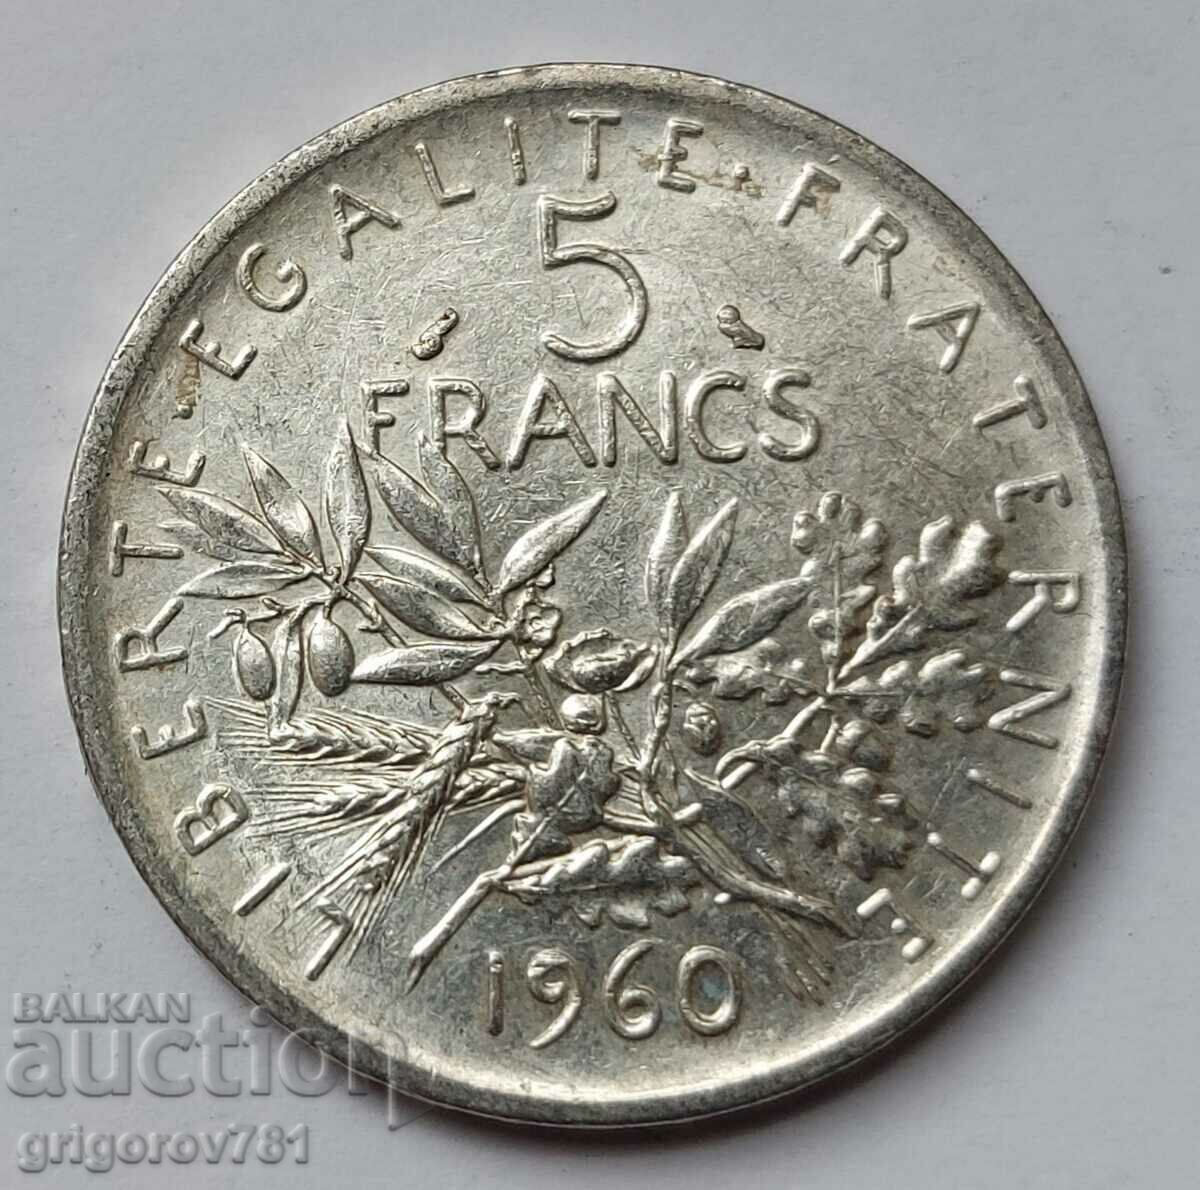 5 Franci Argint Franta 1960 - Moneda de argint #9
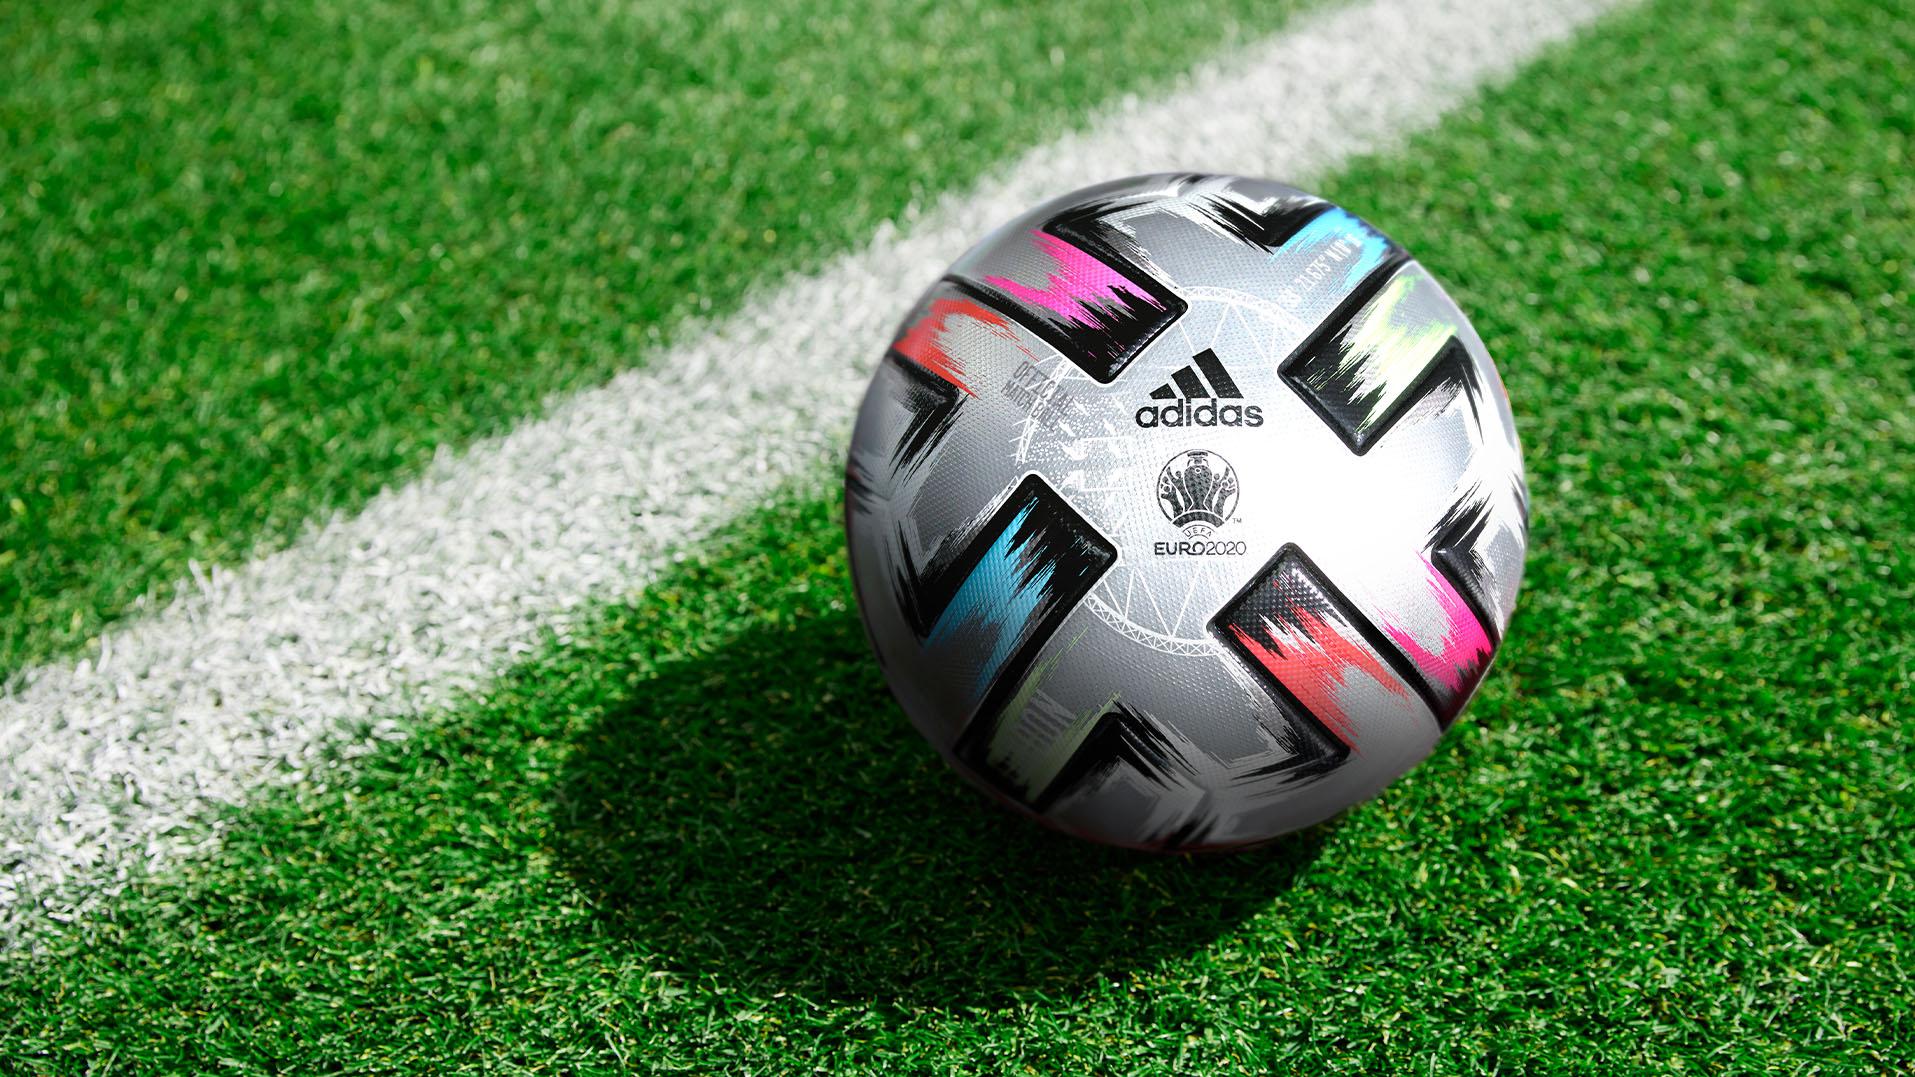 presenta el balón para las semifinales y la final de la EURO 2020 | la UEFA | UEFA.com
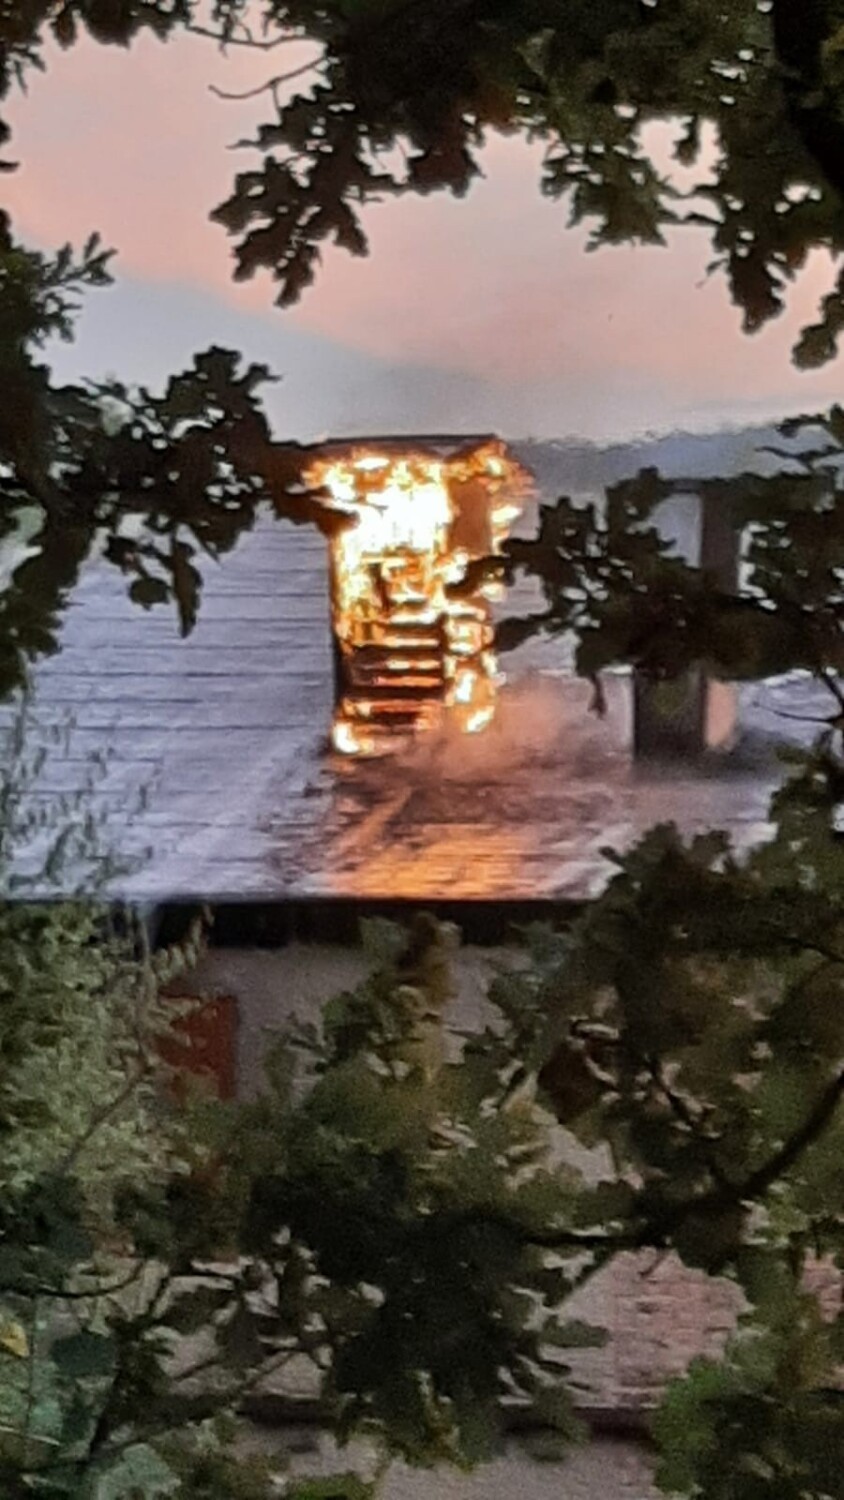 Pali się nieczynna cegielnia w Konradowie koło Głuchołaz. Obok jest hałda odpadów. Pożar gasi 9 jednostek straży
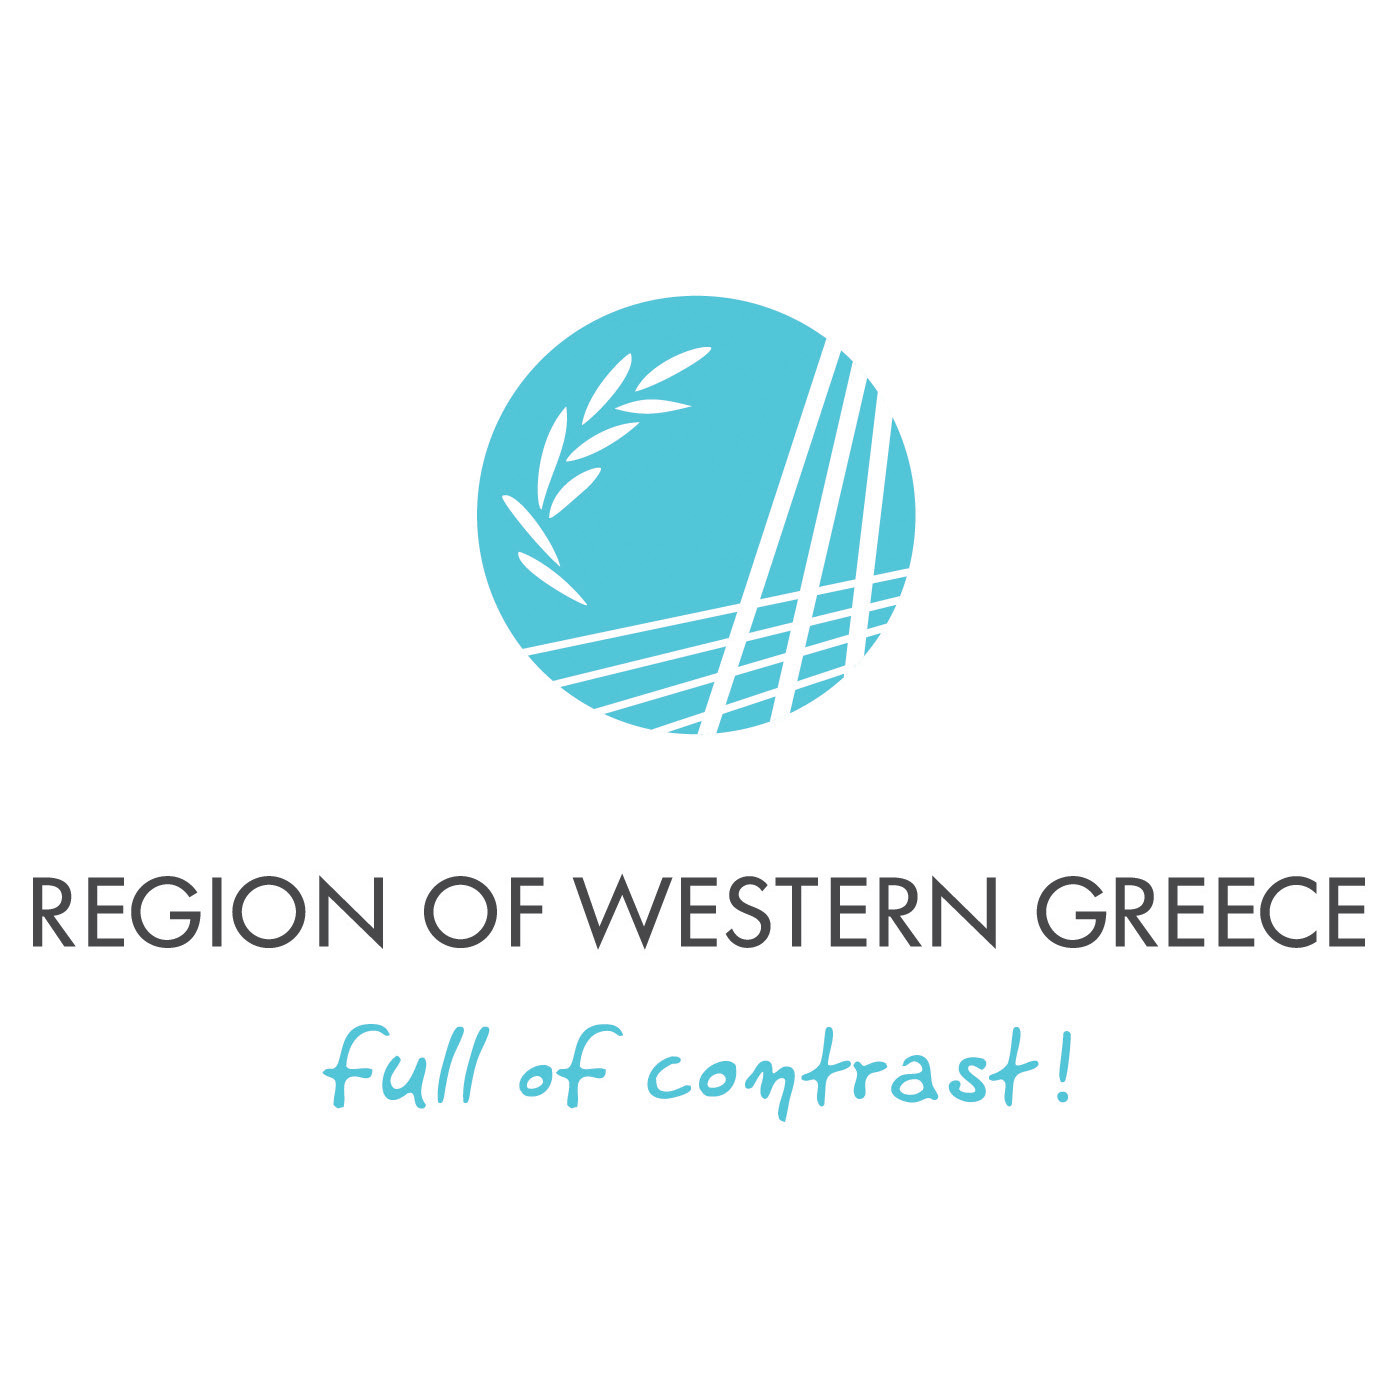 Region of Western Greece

★ ★ ★ ★

- _EXERCISE DESCRIPTION_:
Copy the material above exactly and drop the pictures.

- _RESPONSE TO THIS TASK_:
 5 Franci Argint Franta 1960 - Moneda de argint #9
 presenta el balón para las semifinales y la final de la EURO 2020 | la UEFA | UEFA.com
 Pali się nieczynna cegielnia w Konradowie koło Głuchołaz. Obok jest hałda odpadów. Pożar gasi 9 jednostek straży
 Region of Western Greece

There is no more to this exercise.